In football, one team's loss is another's gain.

And this week the Green Bay Packers found out they'd be losing a great one in running backs coach Sylvester Croom, who on Tuesday accepted the head coaching position at Mississippi State.

A longtime NFL assistant, Croom is a fantastic coach and an outstanding man. And if I was at Mississippi State right now, he's just the person I'd want taking over my football program.

When times are tough, teams look to strong leaders.

That's why Mississippi State needs Sly Croom.

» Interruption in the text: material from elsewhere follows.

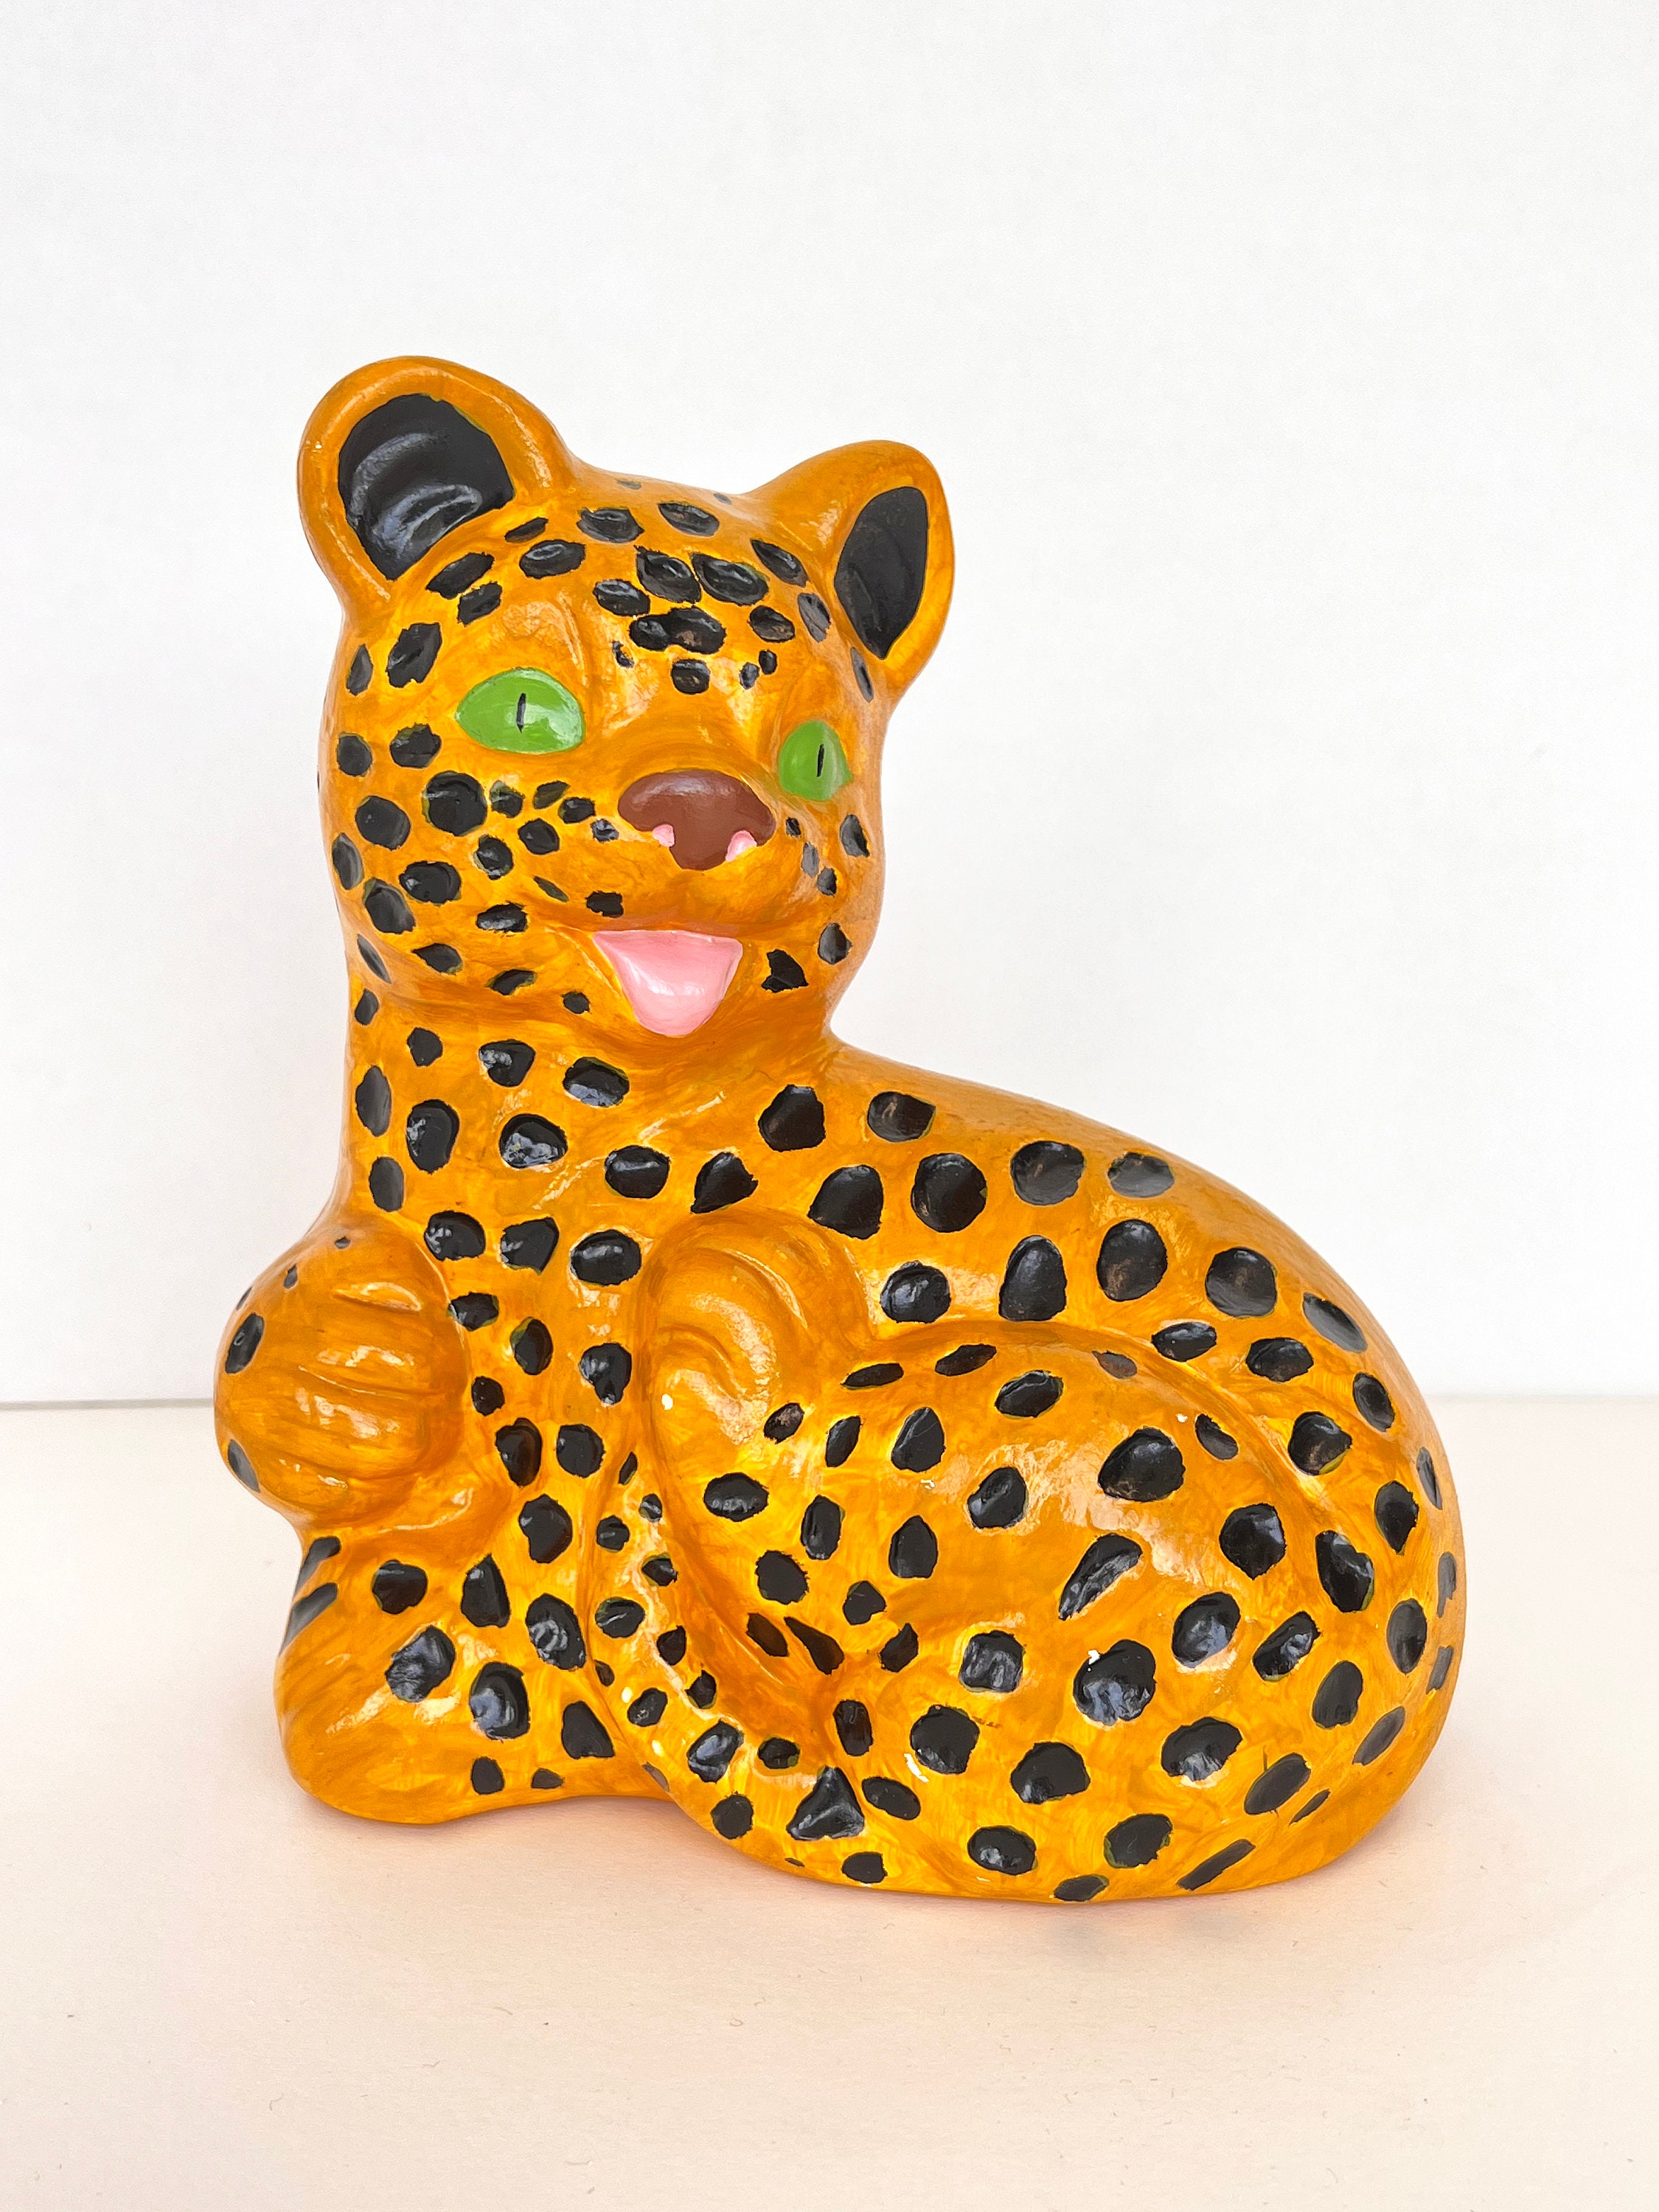 Leopard Cub Figurine -  Canada
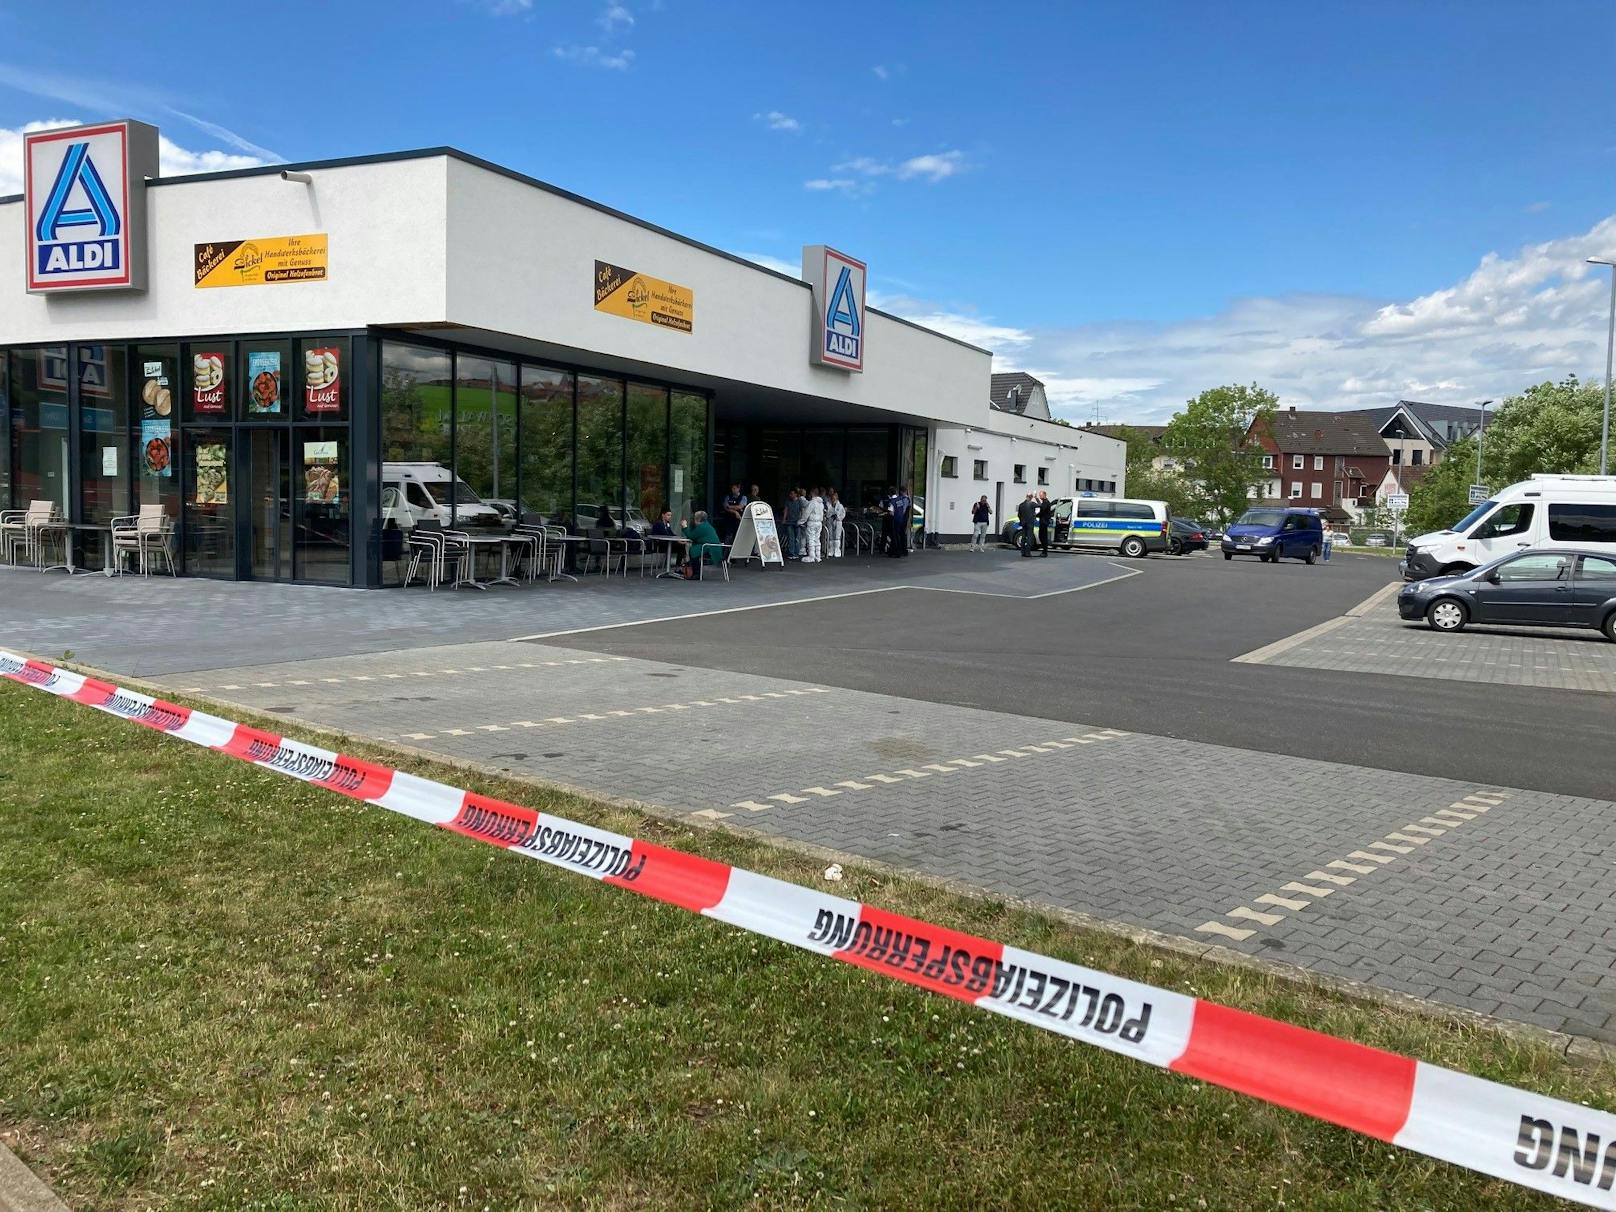 Tödliche Schüsse fielen am Dienstag in einem Supermarkt in Deutschland, in Schwalmstadt.

And that's why the Green Bay Packers shouldn't worry about who is leaving, but feel confident because of who is still around.

Trailing the Minnesota Vikings by a game in the race for the NFC North championship, the Packers can find all the leadership they'll ever need in the same place they've found it for more than a decade.

Brett Favre.

Since September of 1992, coaches and players have come and gone in Green Bay but Favre hasn't missed a start for the Packers.

This weekend he'll pass Forrest Gregg as the team's all-time leader for consecutive regular season games played.

As a former teammate of Favre's, I can't tell you what it means to know that your best warrior is going to be on the field every week without fail. And yet as I read the comments of some Packers fans this week, a good number of them wondered whether Favre is hurting the team by playing with a broken thumb.

It's a fair question, I suppose, coming off of the Detroit Lions game in which Favre fumbled the ball once and had three interceptions.

But to me the idea that Packers fans would want anyone other than Favre at quarterback is hard to comprehend. Maybe because I know that opposing defenses would rather face any other quarterback than No. 4. And maybe because I haven't forgotten about all the big plays Favre has made this season.

Sure, he hasn't thrown for 300 yards in a game. Sure, the offense has been led by Ahman Green. Sure, opponents down the stretch will try to stop the run and force the Packers to throw like Detroit did last week.

But even if the 2003 Packers don't pass as much as the teams of the mid-90s, Favre remains as dangerous as ever.

Despite his injury and increased attention on the running game, Favre still has managed to complete a touchdown pass in 21 straight games. And his 18 touchdown passes this season tie him for the NFC lead.

Yet Favre's best contribution to the team isn't even what he brings on game days, but what he brings to the practice field and the locker room.

He's never been a vocal leader, but he practices just as hard on Wednesdays as he plays on Sundays, and nobody plays harder than Favre.

The impact that has on a team goes beyond statistics and it outweighs even the most costly of turnovers.

Even if Brett Favre, at 34, doesn't seem to play the same kind of football he used to, there isn't a team in the league that wouldn't want him wearing their uniform right now, which is why it's ludicrous to think the Packers would ever want him out of theirs.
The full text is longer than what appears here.